In this study, lung re‐expansion ≥ 70% occurred in 19 cases (90.5%), and only one patient (4.8%) suffered from thoracic volume decrease. Fourteen out of of 19 (73.7%) patients achieved MPE control by 48 weeks without developing marked pleural thickening or thoracic alterations, which freed them from the symptoms of dyspnea and chest pain. In our study, combined therapy led to disappearance of loculated effusion in two out of three patients, the remaining patient exhibited effusion decrease. Loculated effusion commonly develops from NSCLC or traditional therapy, such as therapeutic thoracentesis or pleurodesis, which can make further thoracentesis or subsequent pleurodesis difficult.2 Thoracoscopy or surgery is theoretically feasible to exploring the mechanisms and treatment. However, as bevacizumab is associated with a higher risk of bleeding, thromboembolic events, wound healing delay, and so on, invasive procedures are not recommended during the course of bevacizumab administration. In addition, the management options for loculated effusion are restricted by symptoms, performance status, and expected survival, as well as the social and financial status of patients.2 Therefore, in the past, patients with loculated effusion suffered unalleviated symptoms and poor prognosis. On the one hand, it is difficult to deal with atelectasis, fluid loculation, and pleural adhesion caused by traditional intrapleural therapy in clinical practice. On the other hand, loculated effusion, thoracic volume decrease, and pleural thickening as a result of pleurodesis usually lead to the impairment of pulmonary function, which reduces patient quality of life.4, 5, 23 The results of our study show that intravenous bevacizumab plus chemotherapy not only had little effect on the thoracic cage, but also avoided the need for invasive procedures and facilitated lung recruitment, which were beneficial to pulmonary function and life quality.

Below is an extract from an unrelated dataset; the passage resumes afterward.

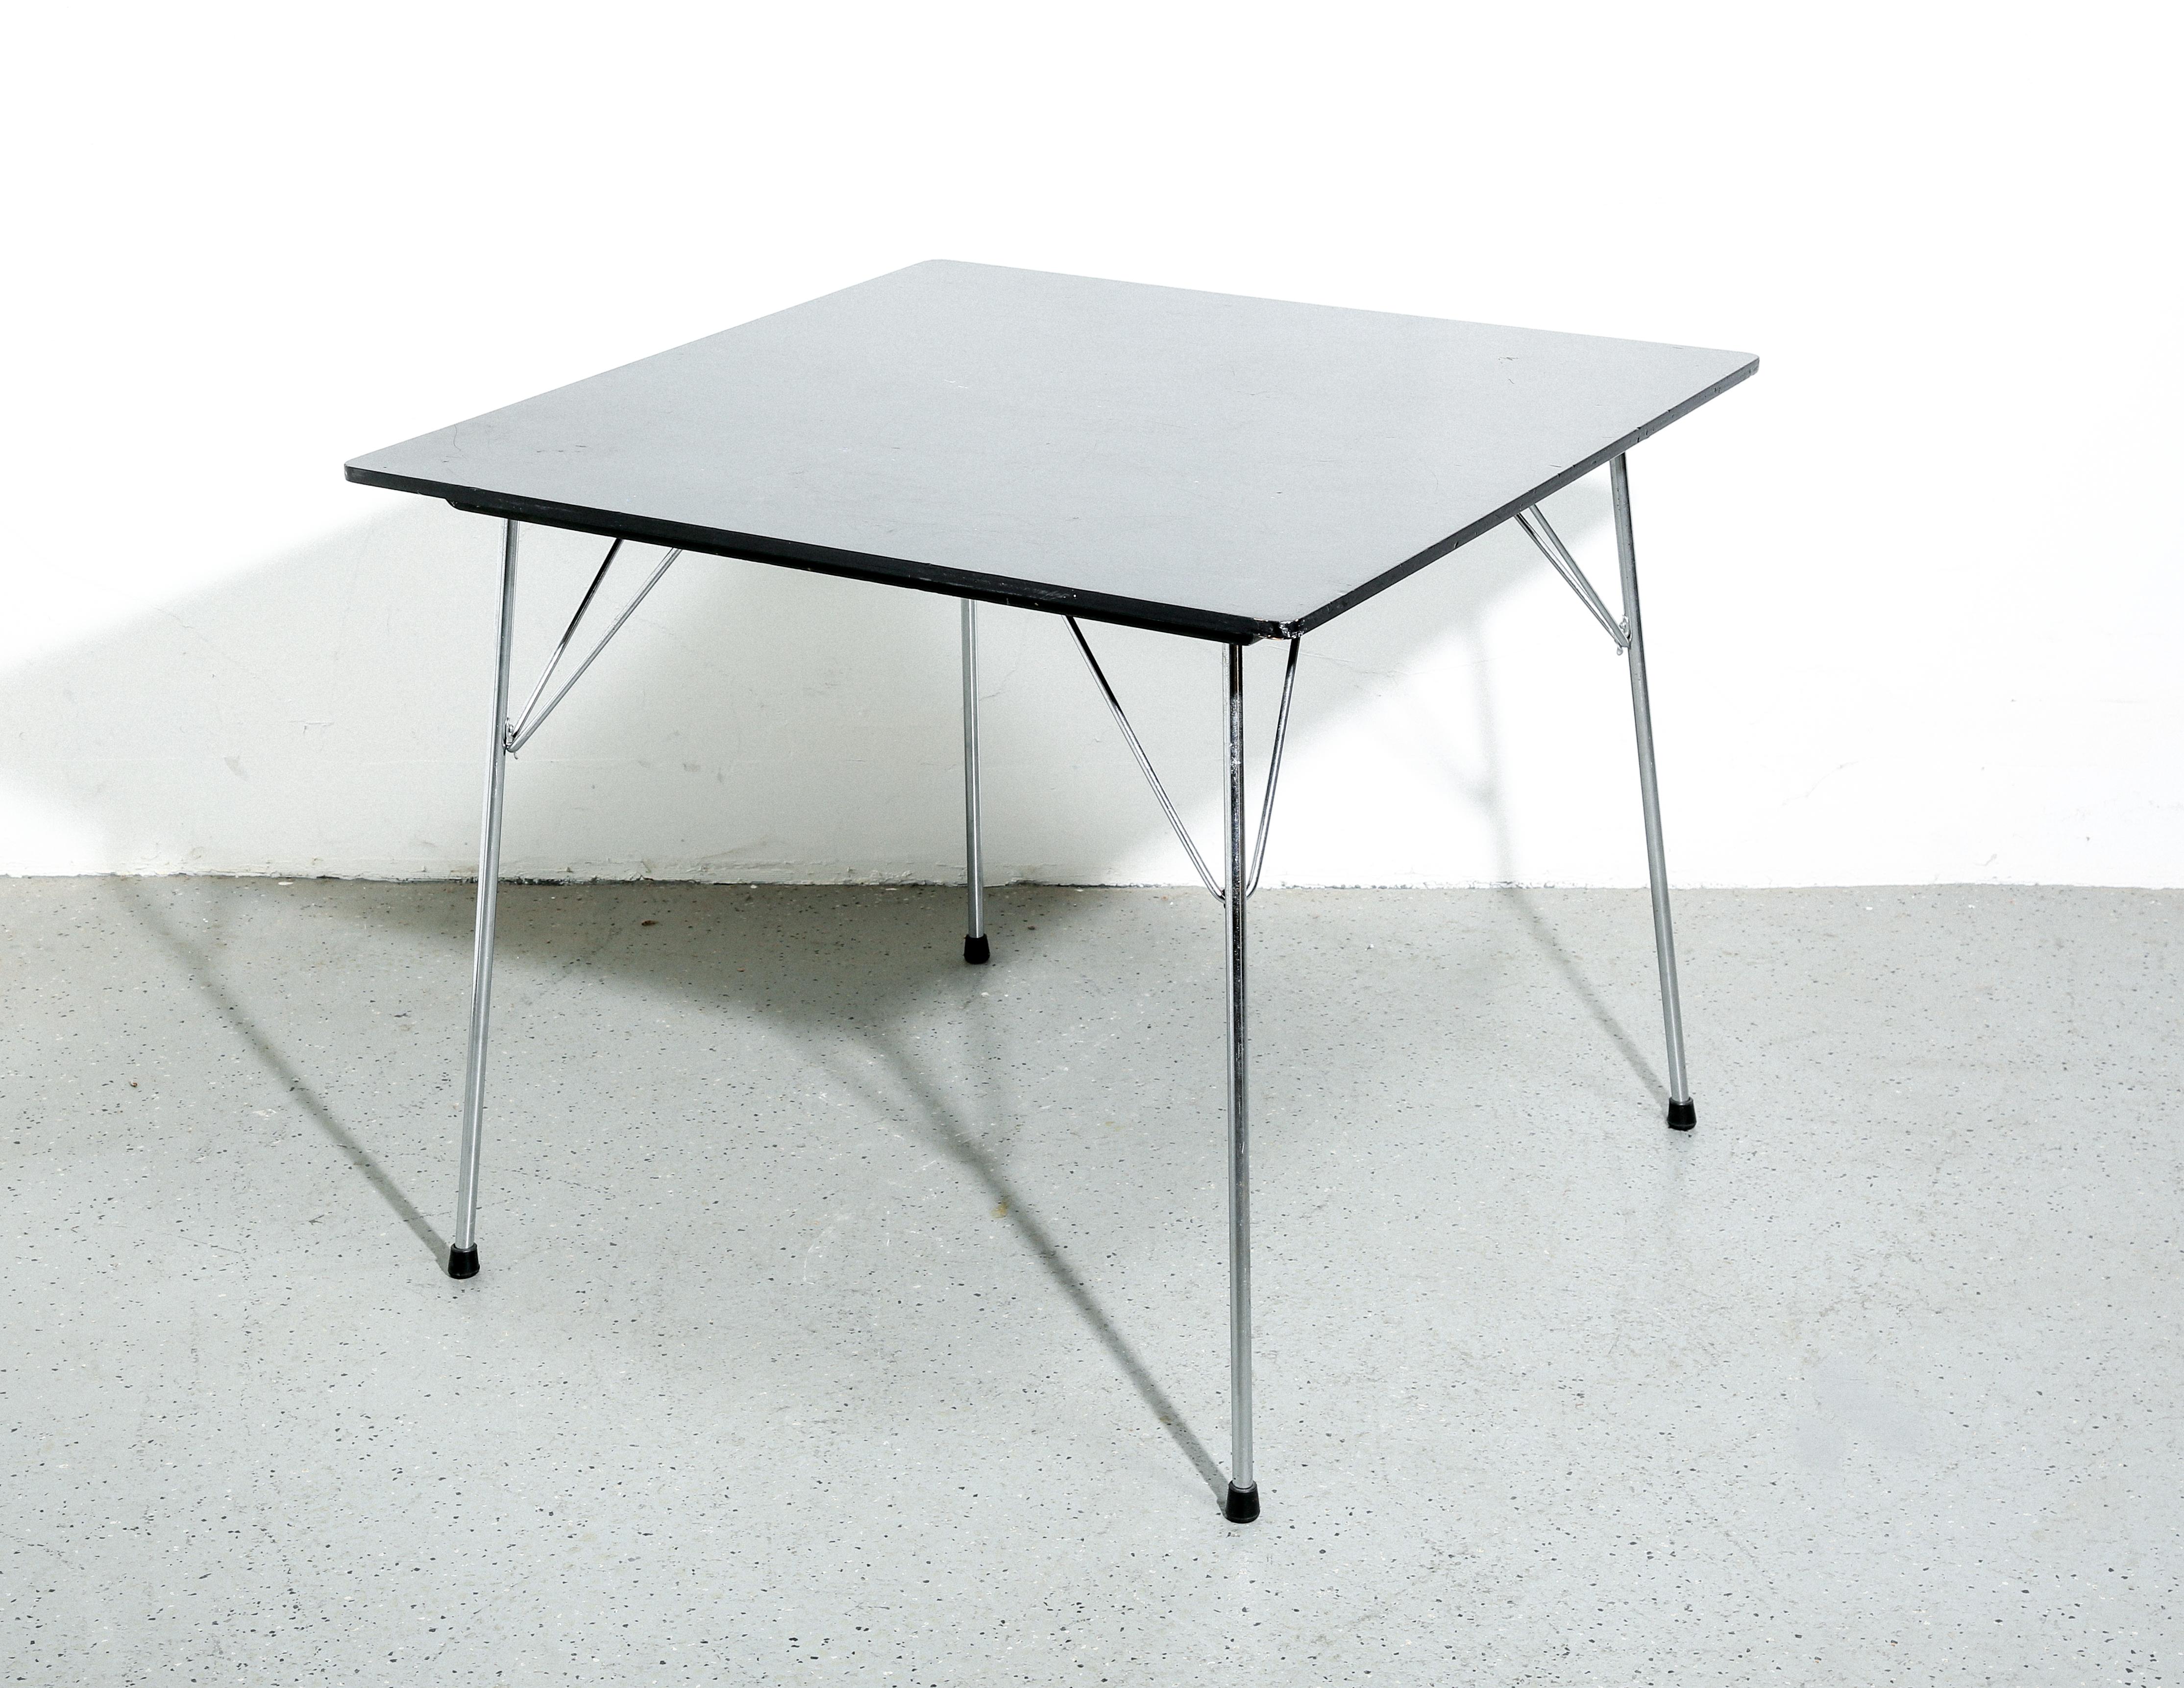 The Eames DTM-2 (Dining Table Metal) table is a classic example of mid-century modern design, reflecting the simple yet sophisticated aesthetic of its creators, Charles and Ray Eames. Introduced in the 1950s, this table was designed to be practical

This study had certain limitations. It was a retrospective study, with a small sample size, no control group, and no detection of biomarkers predicting efficacy and safety. Pleural VEGF level is reportedly significantly higher in lung cancer than in benign pleural effusion.7 Some reports have considered that VEGF levels in plasma or pleural effusion are associated with PFS and OS.19 However, there is a lack of definite effective predictors in clinical studies on bevacizumab. We plan further study to collect both blood and pleural effusion specimens and detect biomarkers, such as VEGF and PD‐L1, in order to determine potential predictive or prognostic factors and screen appropriate patients. With the widespread use of bevacizumab in NSCLC treatment, further prospective study with a larger number of cases and control groups is expected.

In conclusion, bevacizumab combined with chemotherapy provided efficacious, persistent, and safe therapy for patients with MPE caused by lung adenocarcinoma. With intravenous administration, patients not only avoided the invasive procedure of intrapleural local therapy and its side effects, but also received chemotherapy as scheduled. As a result, better responses to therapy and improved quality of life were achieved in most patients. Intravenously bevacizumab plus chemotherapy is an ideal options for patients with lung adenocarcinoma who develop MPE.

Disclosure

No authors report any conflict of interest.